We name this table ‘confm’ for confusion matrix. This name can be 


taken literally, since it tells us how confused the model is, how often it 


confounds the categories and makes a wrong prediction. Let’s take a look 
it: 

> confm 

We can see that in the top left cell, where we observe NPs and predict 
zeroes, we have 499, and in the bottom right cell, where we observe PPs 
and predict ones, we have 279. These are our correct predictions. 
Conversely, in the top right cell, where we observe NPs but predict ones, 
we have 56, and in the bottom left cell, where we observe PPs but predict 
ones, we have 69. These are our incorrect predictions. We can see that one 
diagonal, in this case top left to bottom right, contains the correct 
predictions and the other diagonal contains the wrong predictions. 

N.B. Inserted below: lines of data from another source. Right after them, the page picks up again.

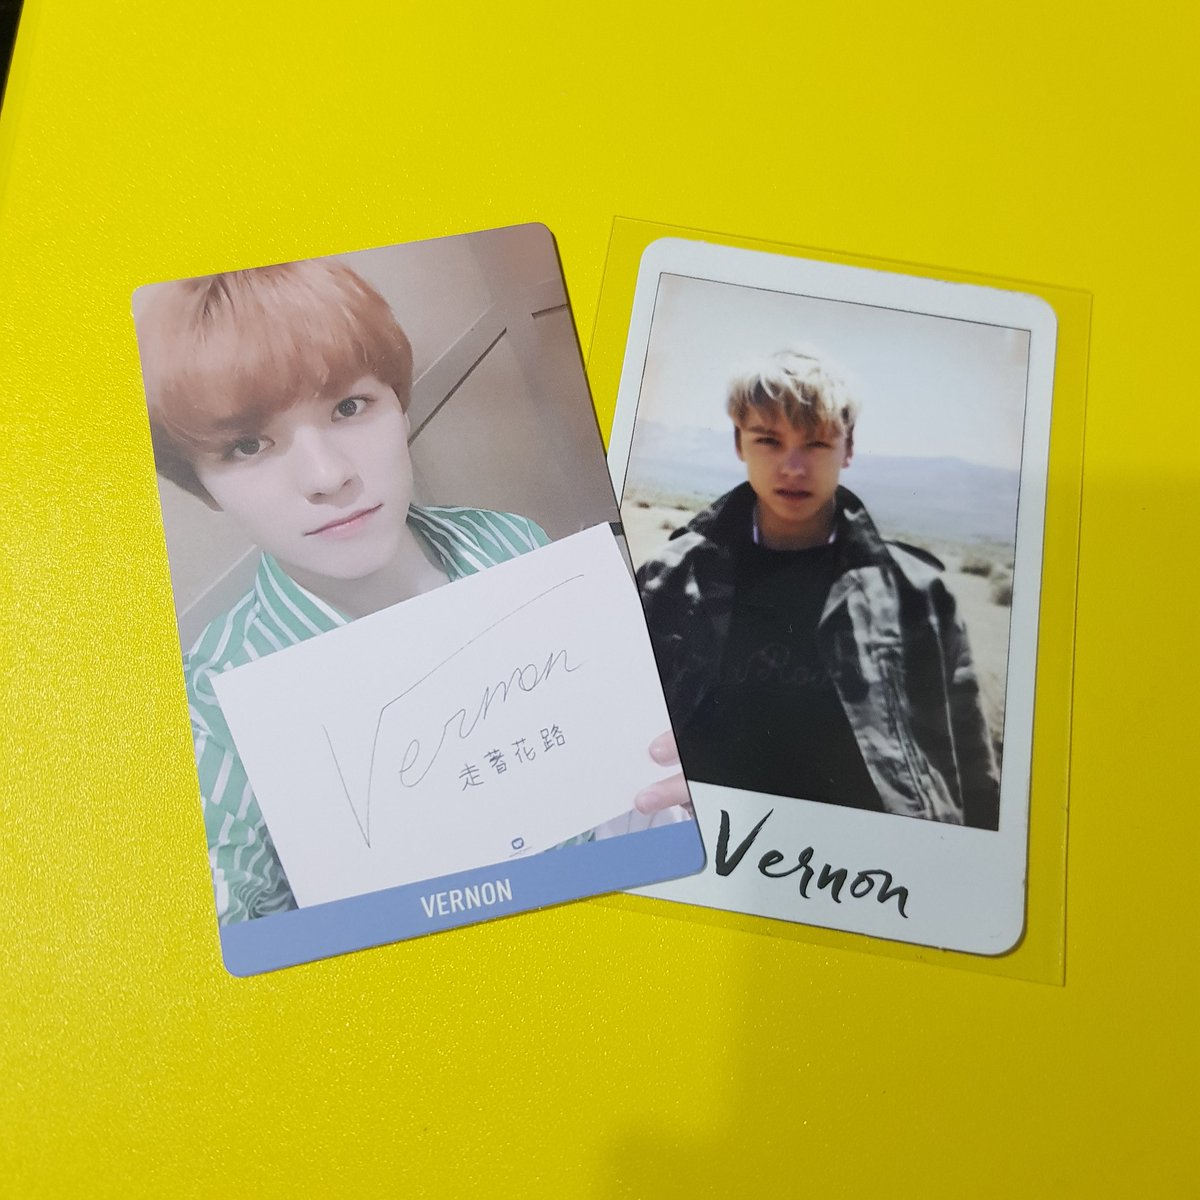 Thank you for these  @__chae_!!! Cant wait for the tingi pcs soon 
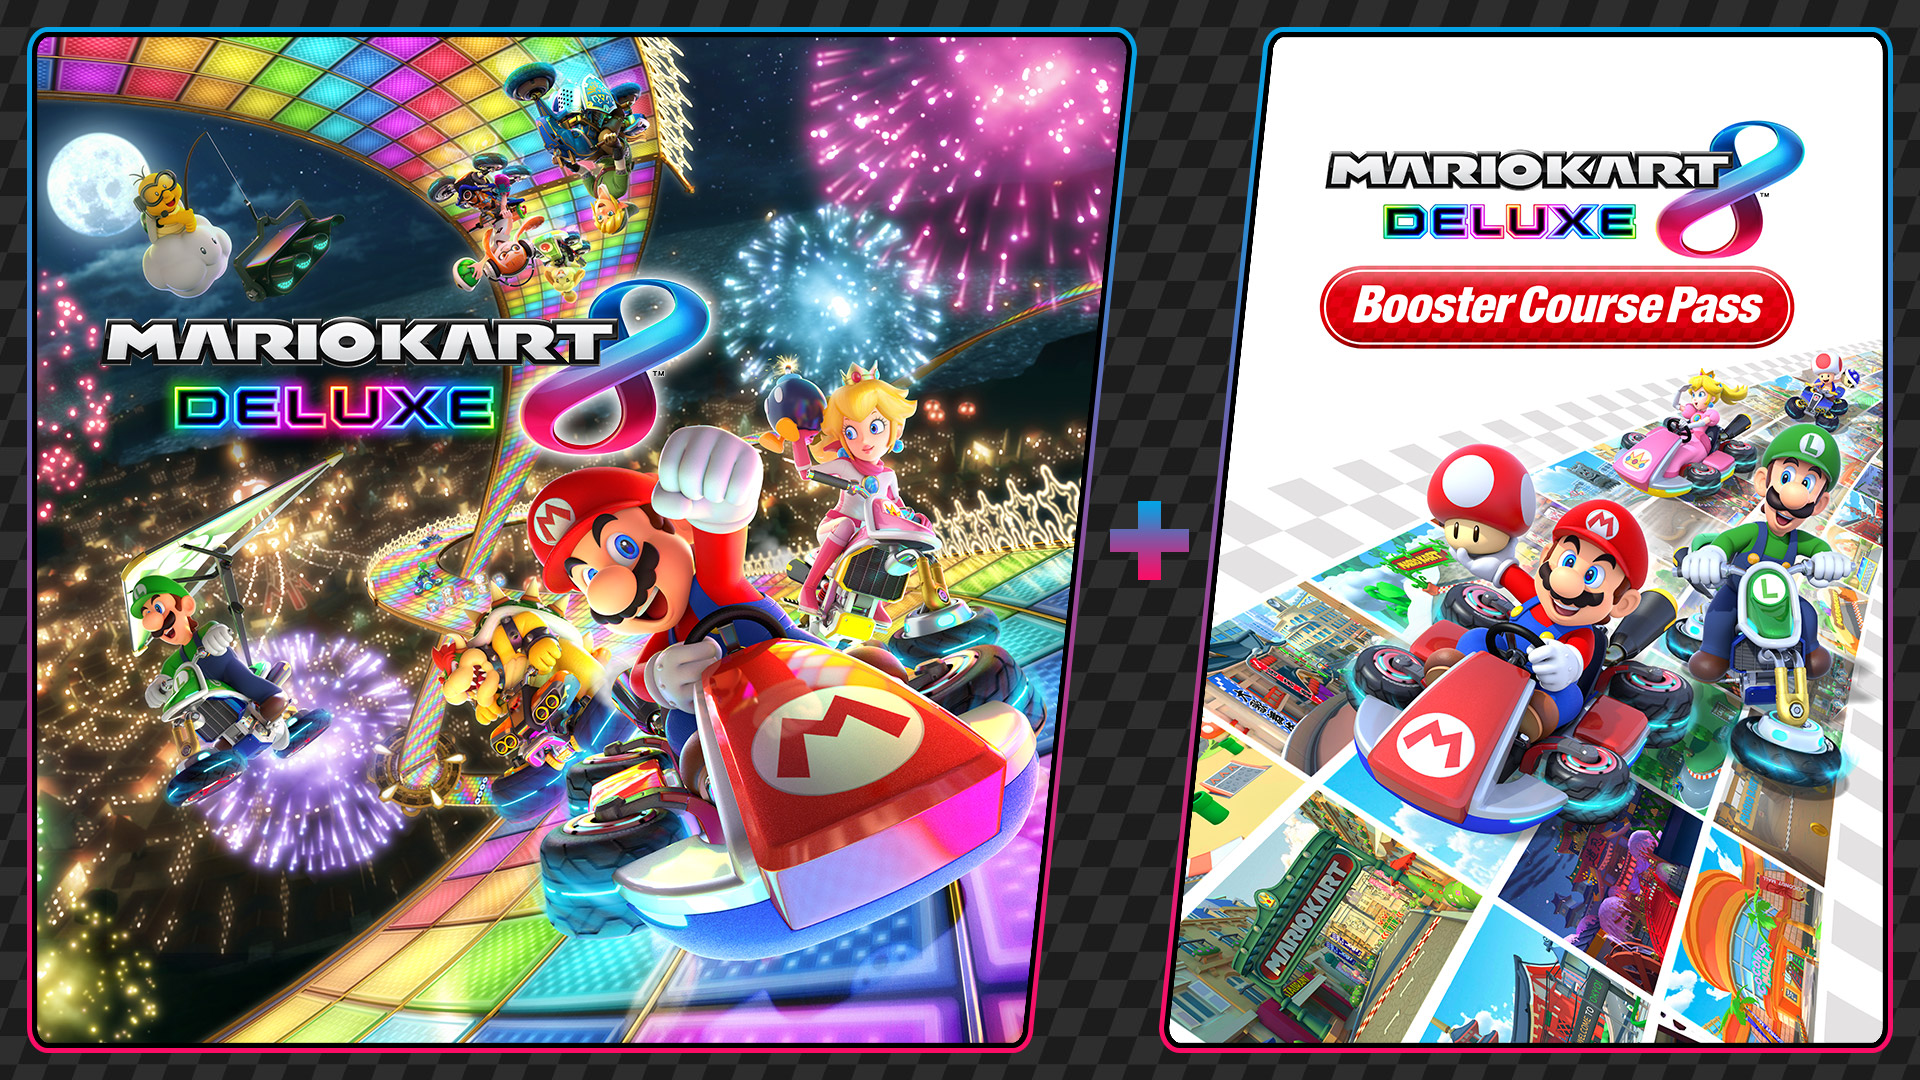 Mario Kart 8 Deluxe - Booster Course Pass Wave 6 - Course Overview 
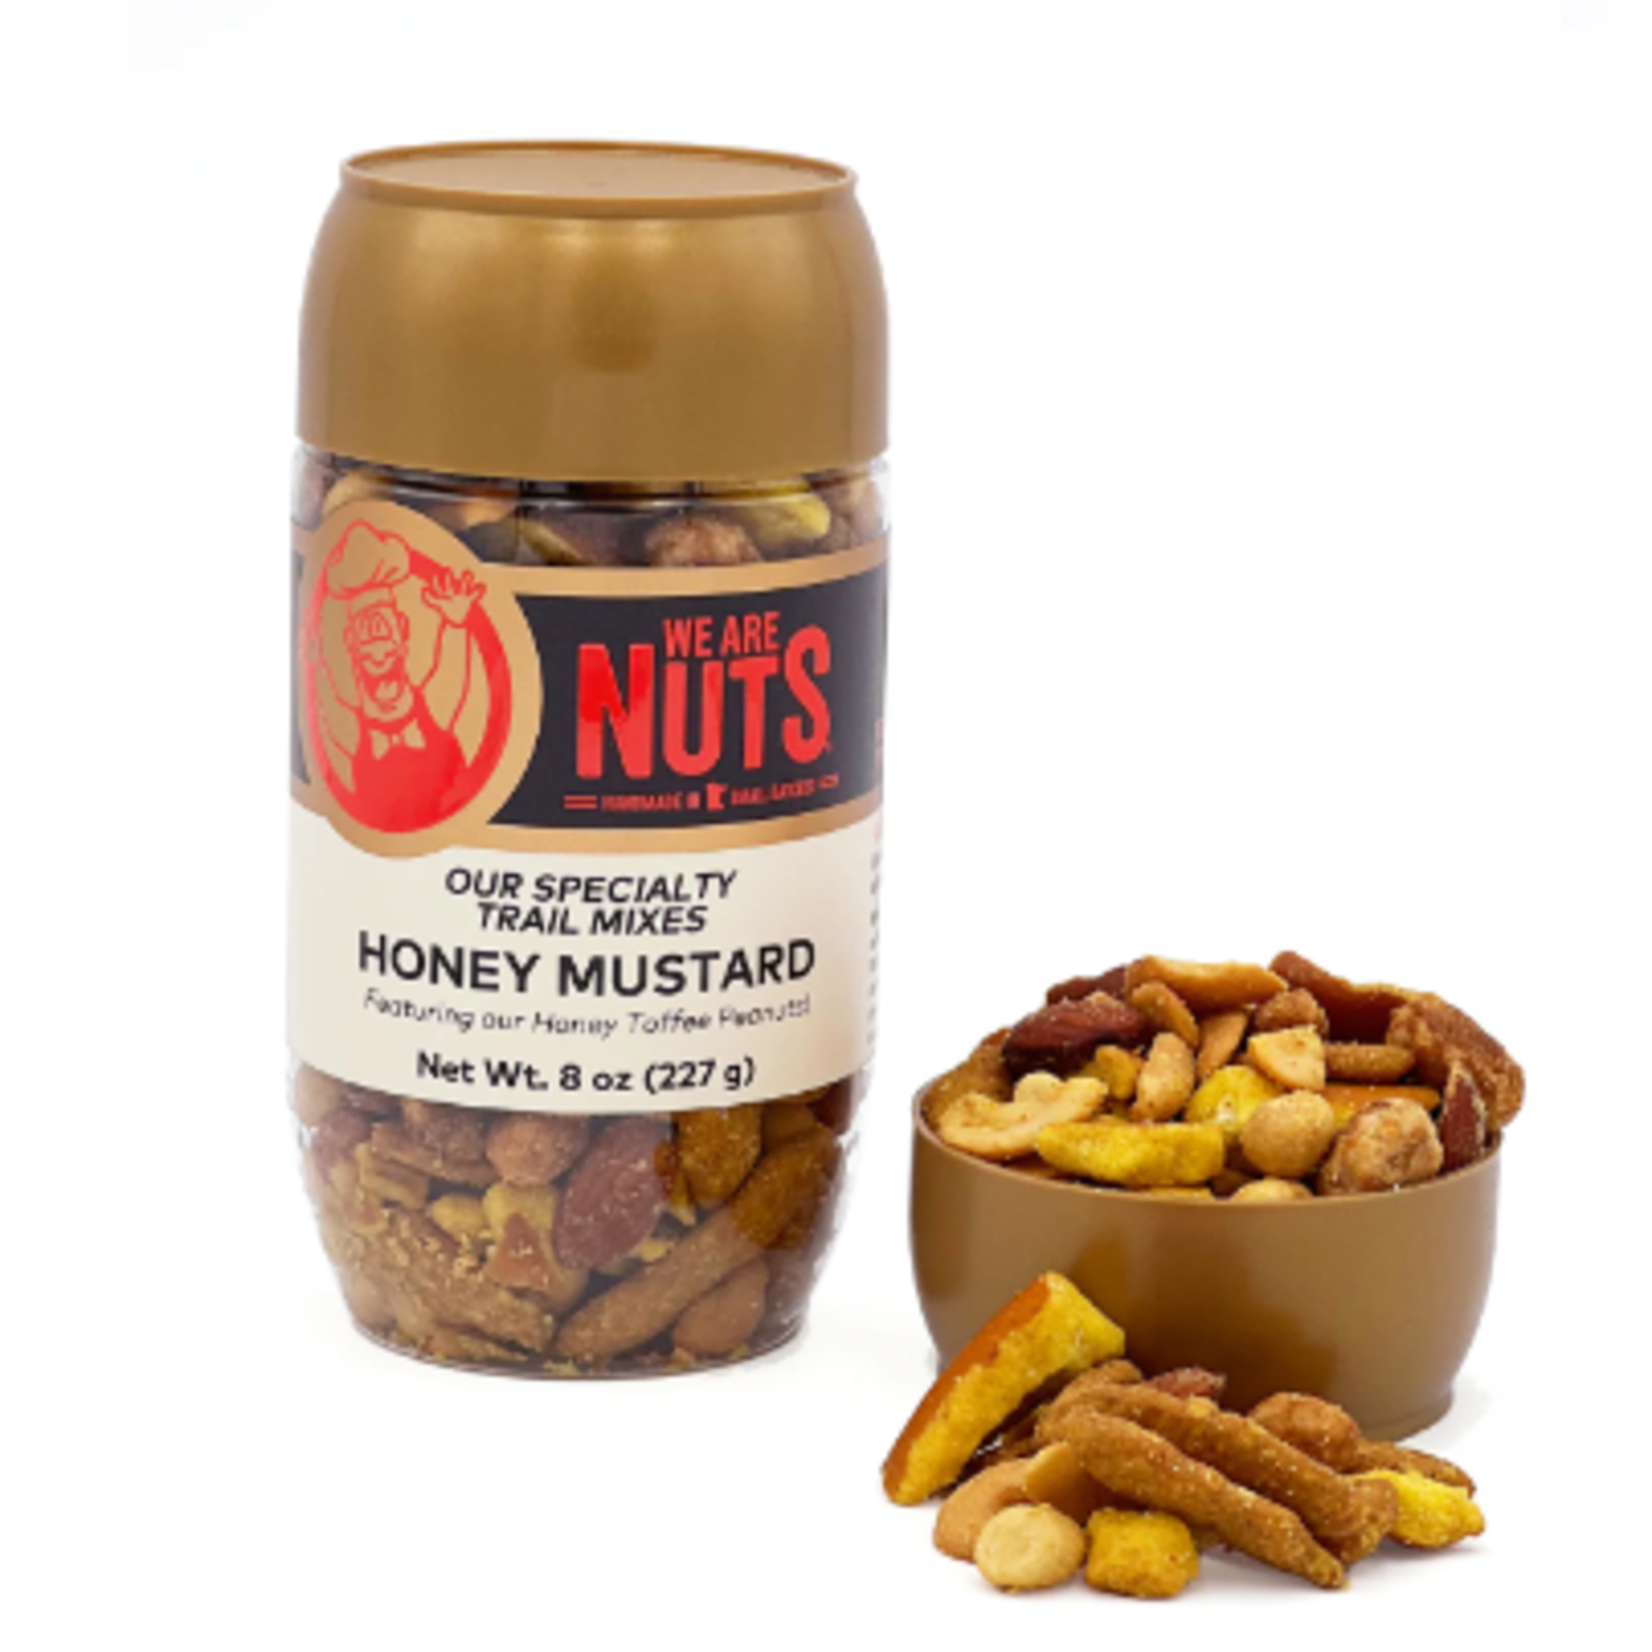 We Are Nuts We Are Nuts - Honey Mustard Snack Mix, 8 Oz
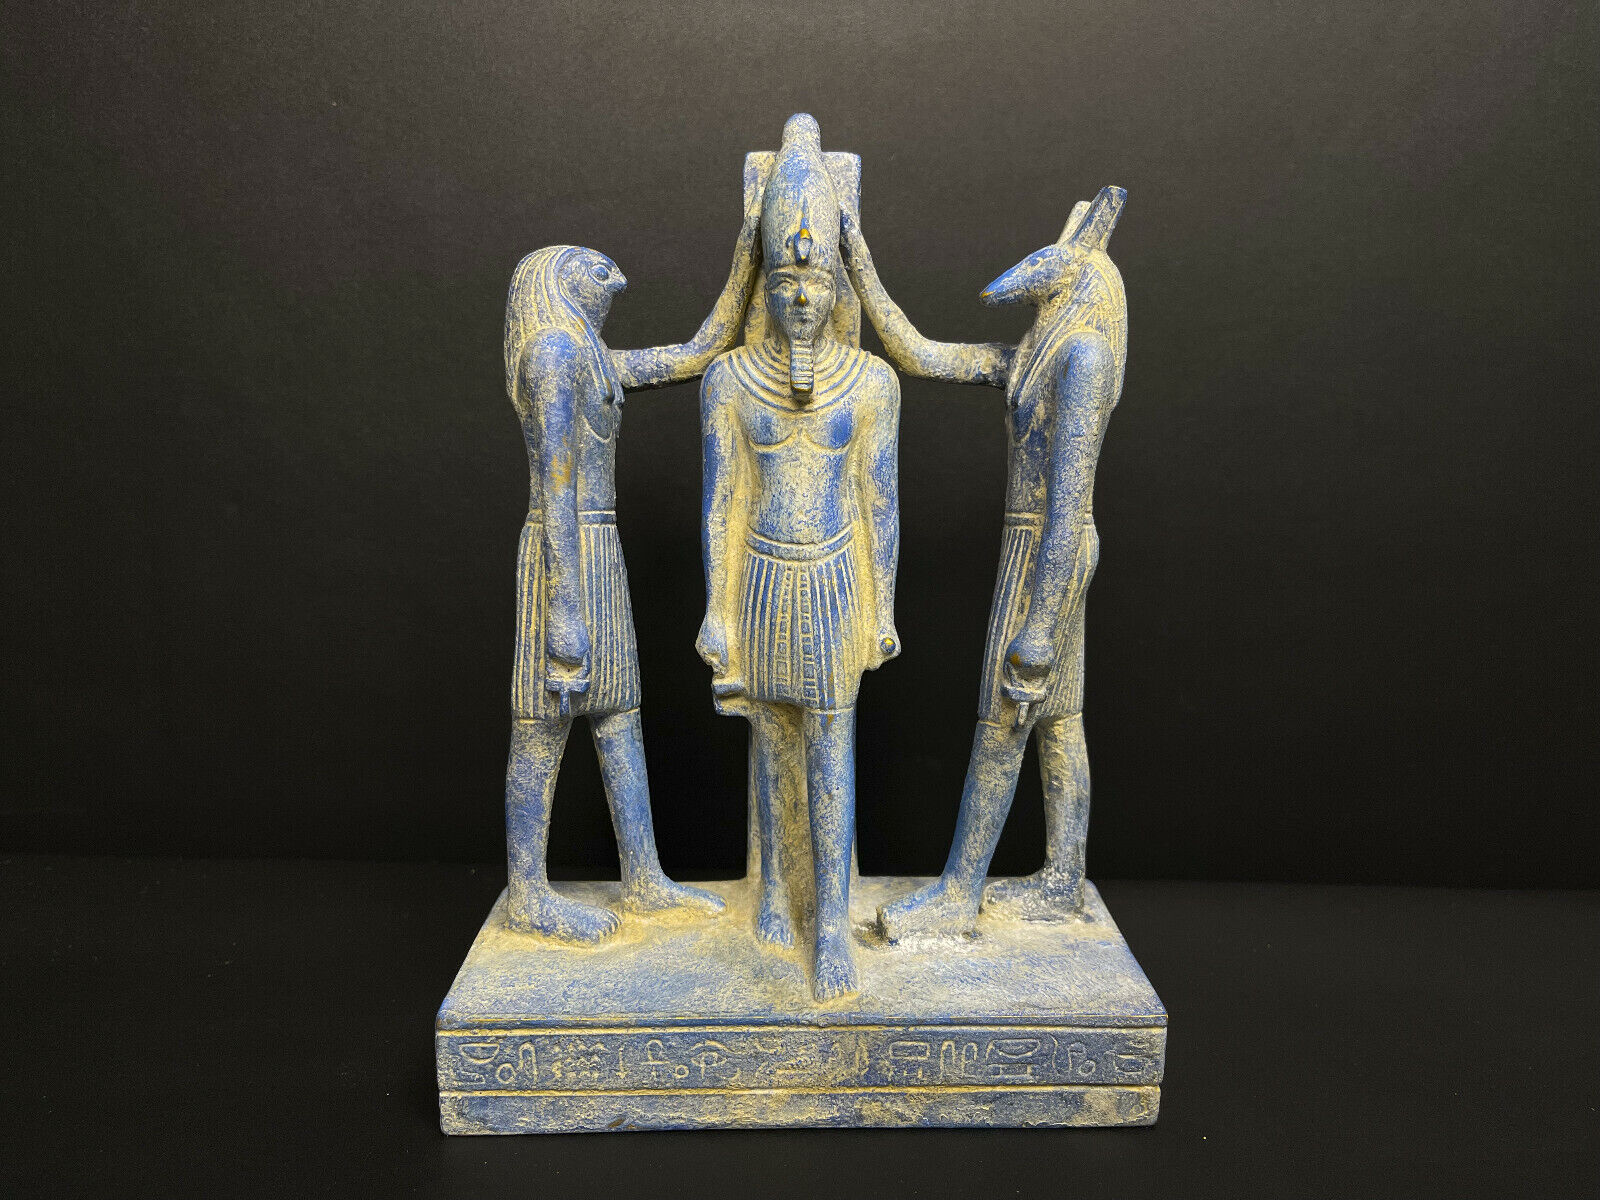 In A perfect scene King Ramesses the Third, the god Horus and the god Seth

A simple way to refer to these cells is by using the coordinates. This 
means we can add up the total number of correct predictions and divided it 
by the sum of predictions with the following command: 

> (confm[1,1] + confm[2,2]) / sum(confm) 

The calculation gives us the accuracy of prediction in percentage terms, 
SO we can say that our model makes the correct prediction in 86% of the 
cases. This is a lot better than chance prediction, but the model is not 
extremely good. What is extremely good, however, is that we now have a 
readily interpretable measure for the quality of our logistic regression 
model. The accuracy of the prediction gives us a good indication for how 
reliable the trends we observe in the model summary are, and thus allows 
us to arrive at a better understanding of the data we are looking at. 

In the previous chapter and the preceding example, we have discussed 
how regression analysis can inform linguistic research. In the next chapter, 
we present a very powerful implementation of the logistic regression model 


in LightSide, a machine learning tool for document classification. 


Reference: 
Kabacoff, Robert I. 2011. R in Action: Data Analysis and Graphics with 
R. Shelter Island, NY: Manning Publications.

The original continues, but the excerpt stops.